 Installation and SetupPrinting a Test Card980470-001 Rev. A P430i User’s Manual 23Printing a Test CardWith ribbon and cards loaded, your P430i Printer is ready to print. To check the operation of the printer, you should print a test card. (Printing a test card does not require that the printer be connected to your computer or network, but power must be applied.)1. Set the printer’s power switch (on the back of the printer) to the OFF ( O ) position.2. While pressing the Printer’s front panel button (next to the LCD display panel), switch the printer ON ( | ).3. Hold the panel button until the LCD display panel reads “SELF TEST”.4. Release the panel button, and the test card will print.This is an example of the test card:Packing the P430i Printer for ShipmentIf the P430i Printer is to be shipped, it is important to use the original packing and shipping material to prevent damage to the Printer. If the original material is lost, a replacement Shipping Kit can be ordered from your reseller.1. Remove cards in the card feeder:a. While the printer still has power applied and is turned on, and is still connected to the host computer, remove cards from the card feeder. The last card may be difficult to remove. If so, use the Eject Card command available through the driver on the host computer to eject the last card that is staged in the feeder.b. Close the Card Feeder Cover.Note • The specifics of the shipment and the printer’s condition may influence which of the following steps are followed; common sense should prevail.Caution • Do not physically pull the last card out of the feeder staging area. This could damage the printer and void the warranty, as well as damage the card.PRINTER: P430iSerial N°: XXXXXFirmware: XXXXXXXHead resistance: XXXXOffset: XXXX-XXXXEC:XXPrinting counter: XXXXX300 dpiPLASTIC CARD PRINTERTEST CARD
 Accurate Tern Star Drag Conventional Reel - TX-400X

________________________

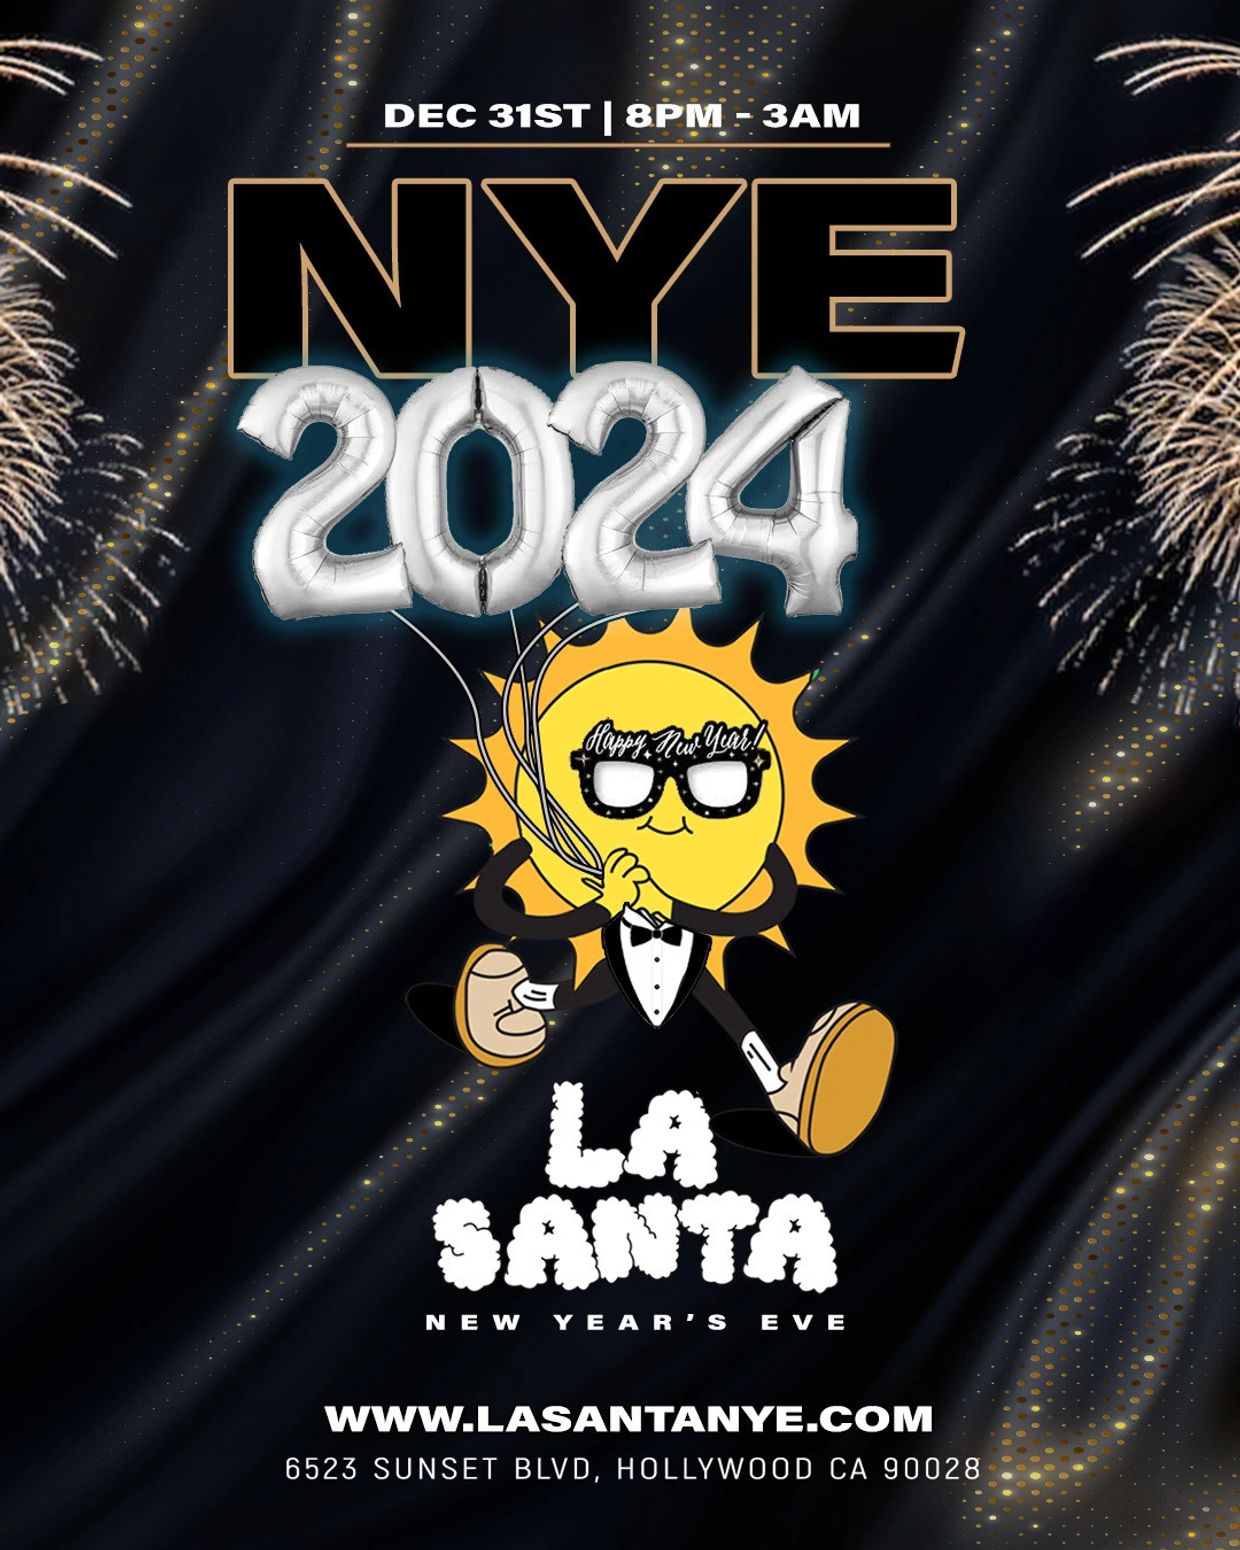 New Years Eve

________________________

In the listing above, find the line containing "Installation and SetupPrinting" and the line containing "Accurate Tern Star", then retype both and every line between them exactly, with nothing else.

 Installation and SetupPrinting a Test Card980470-001 Rev. A P430i User’s Manual 23Printing a Test CardWith ribbon and cards loaded, your P430i Printer is ready to print. To check the operation of the printer, you should print a test card. (Printing a test card does not require that the printer be connected to your computer or network, but power must be applied.)1. Set the printer’s power switch (on the back of the printer) to the OFF ( O ) position.2. While pressing the Printer’s front panel button (next to the LCD display panel), switch the printer ON ( | ).3. Hold the panel button until the LCD display panel reads “SELF TEST”.4. Release the panel button, and the test card will print.This is an example of the test card:Packing the P430i Printer for ShipmentIf the P430i Printer is to be shipped, it is important to use the original packing and shipping material to prevent damage to the Printer. If the original material is lost, a replacement Shipping Kit can be ordered from your reseller.1. Remove cards in the card feeder:a. While the printer still has power applied and is turned on, and is still connected to the host computer, remove cards from the card feeder. The last card may be difficult to remove. If so, use the Eject Card command available through the driver on the host computer to eject the last card that is staged in the feeder.b. Close the Card Feeder Cover.Note • The specifics of the shipment and the printer’s condition may influence which of the following steps are followed; common sense should prevail.Caution • Do not physically pull the last card out of the feeder staging area. This could damage the printer and void the warranty, as well as damage the card.PRINTER: P430iSerial N°: XXXXXFirmware: XXXXXXXHead resistance: XXXXOffset: XXXX-XXXXEC:XXPrinting counter: XXXXX300 dpiPLASTIC CARD PRINTERTEST CARD
 Accurate Tern Star Drag Conventional Reel - TX-400X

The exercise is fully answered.